Downside risks are currently at the forefront. If the price fails to hold around $1.82, a pullback towards the $1.81 level seems likely. Losing this region could cause the downtrend to evolve into a deeper structure. Conversely, if the price regains the $1.90 level, it could weaken the current negative scenario and bring a short-term search for equilibrium to the fore. However, at this stage, liquidity, momentum, and all technical indicators point to a cautious morning chart for XRP.
Supports: 1.8121 – 1.6224 – 1.2596
Resistances: 1.9092 – 2.0543 – 2.1731
SOL/USDT
The SOL price experienced a pullback. The asset moved into the lower region of the downtrend that began on October 6. Testing the 50 EMA (Blue Line) moving average, which is a strong resistance level, the price experienced a pullback from here and moved into the lower region of the downtrend. Currently priced below the downward trend line and the 50 EMA (Blue Line) moving average, the asset may test the 50 EMA (Blue Line) moving average as resistance if it experiences an uptrend. If it experiences a pullback, the $120.24 level can be monitored.
On the 4-hour chart, it remained below the 50 EMA (Exponential Moving Average – Blue Line) and 200 EMA (Black Line). This indicates that it may be in a medium-term downtrend. At the same time, the price being below both moving averages indicates that the asset is trending downward in the short term. The Chaikin Money Flow (CMF-20) is in negative territory. However, balanced cash inflows and outflows may keep the CMF in negative territory. The Relative Strength Index (RSI-14) remained in the middle of negative territory. It also continued to stay below the downward trend that began on December 3. This signaled continued selling pressure . In the event of an uptrend driven by macroeconomic data or positive news related to the Solana ecosystem, the $138.73 level stands out as a strong resistance point. If this level is broken upward, the uptrend is expected to continue. In the event of pullbacks due to developments in the opposite direction or profit-taking, the $120.24 level could be tested. A decline to these support levels could increase buying momentum, presenting a potential opportunity for an upward move.

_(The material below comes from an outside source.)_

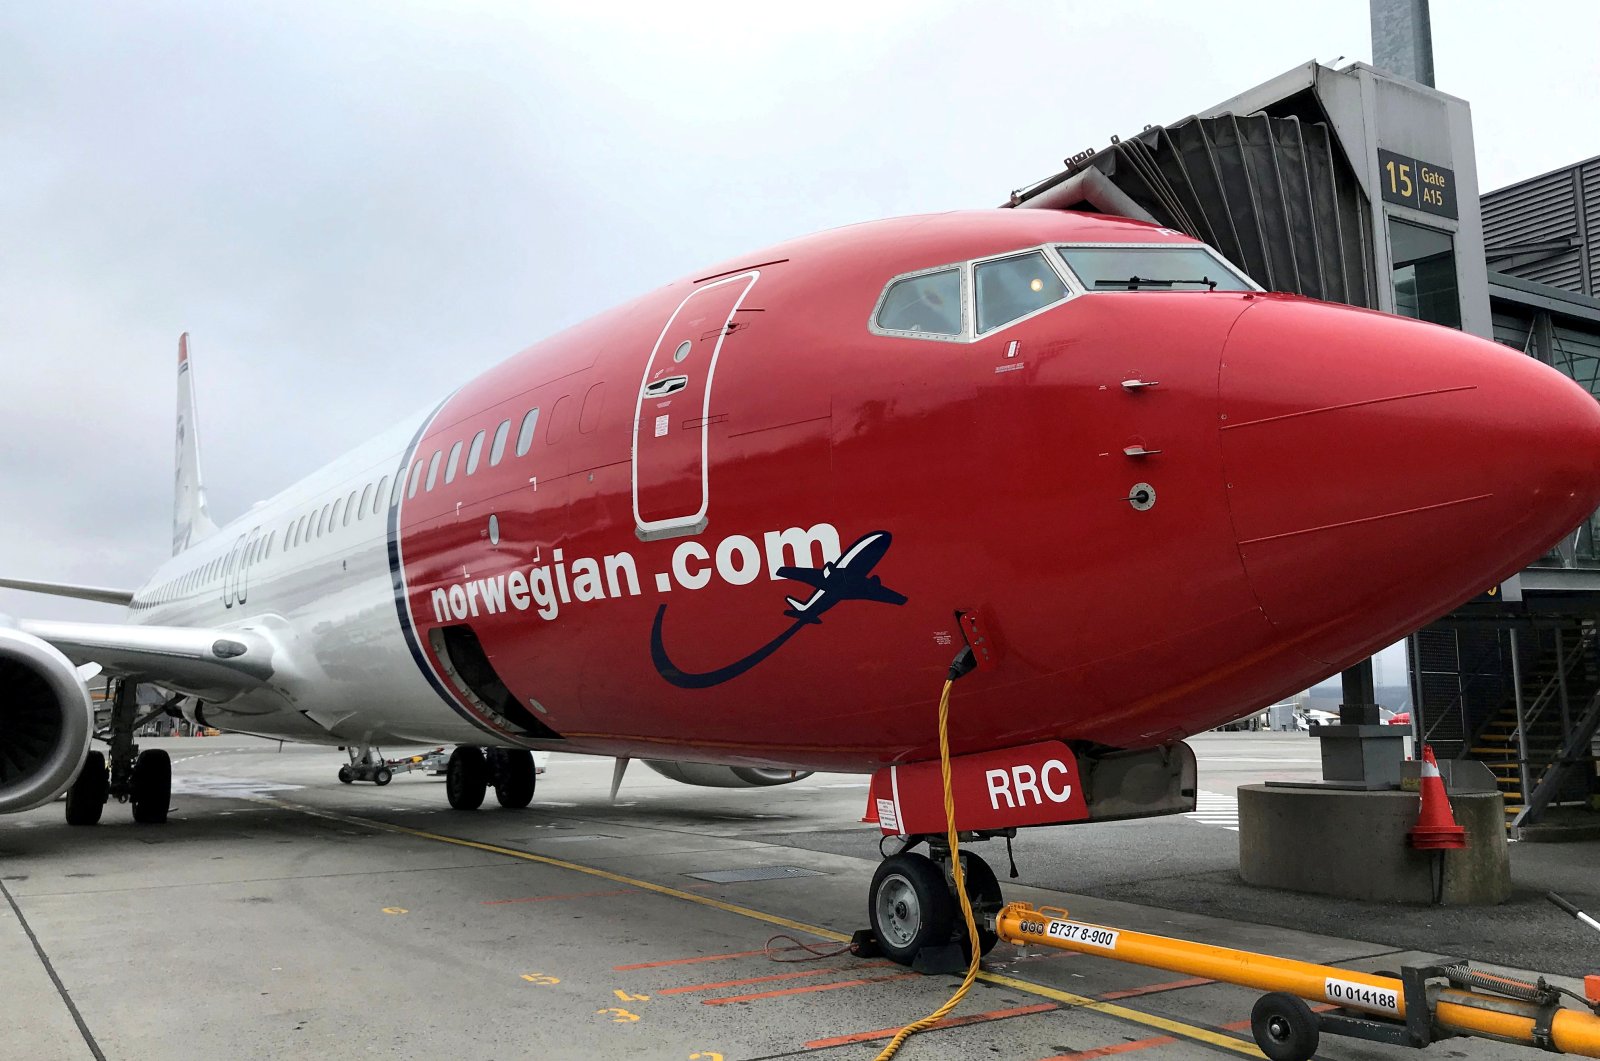 A Norwegian Air plane is refueled at Oslo Gardermoen airport, Norway, Nov. 7, 2019. (Reuters Photo)

Supports: 120.24 – 112.26 – 100.34
Resistances 127.21 – 133.74 – 138.73
DOGE/USDT
The DOGE price has lost value. The asset experienced a pullback, facing resistance from the base level of the descending triangle formation that began on November 13 and the 50 EMA (Blue Line) moving average. Currently continuing its decline, the asset may test the $0.12282 level as support if the pullback continues. If it experiences an uptrend, it may test the 50 EMA (Blue Line) moving average or the base level of the descending triangle formation as resistance.
On the 4-hour chart, the 50 EMA (Exponential Moving Average – Blue Line) remained below the 200 EMA (Black Line). This indicates that the downtrend may continue in the medium term. The price being below both moving averages indicates a downward trend in the short term. The Chaikin Money Flow (CMF-20) has fallen into negative territory. Additionally, an increase in money outflows could push the CMF deeper into negative territory. The Relative Strength Index (RSI-14) has fallen from the middle of the negative zone to the oversold level. This could trigger profit-taking, allowing the price to rebound. It also remained below the downward trend line that began on December 9. While this signals increased selling pressure, a positive divergence could prompt the price to react upward. In the event of an uptrend driven by political developments, macroeconomic data, or positive news flow in the DOGE ecosystem, the $0.14952 level stands out as a strong resistance zone. Conversely, in the event of negative news flow ( ), the $0.11797 level could be triggered. A decline to these levels could increase momentum and initiate a new wave of growth.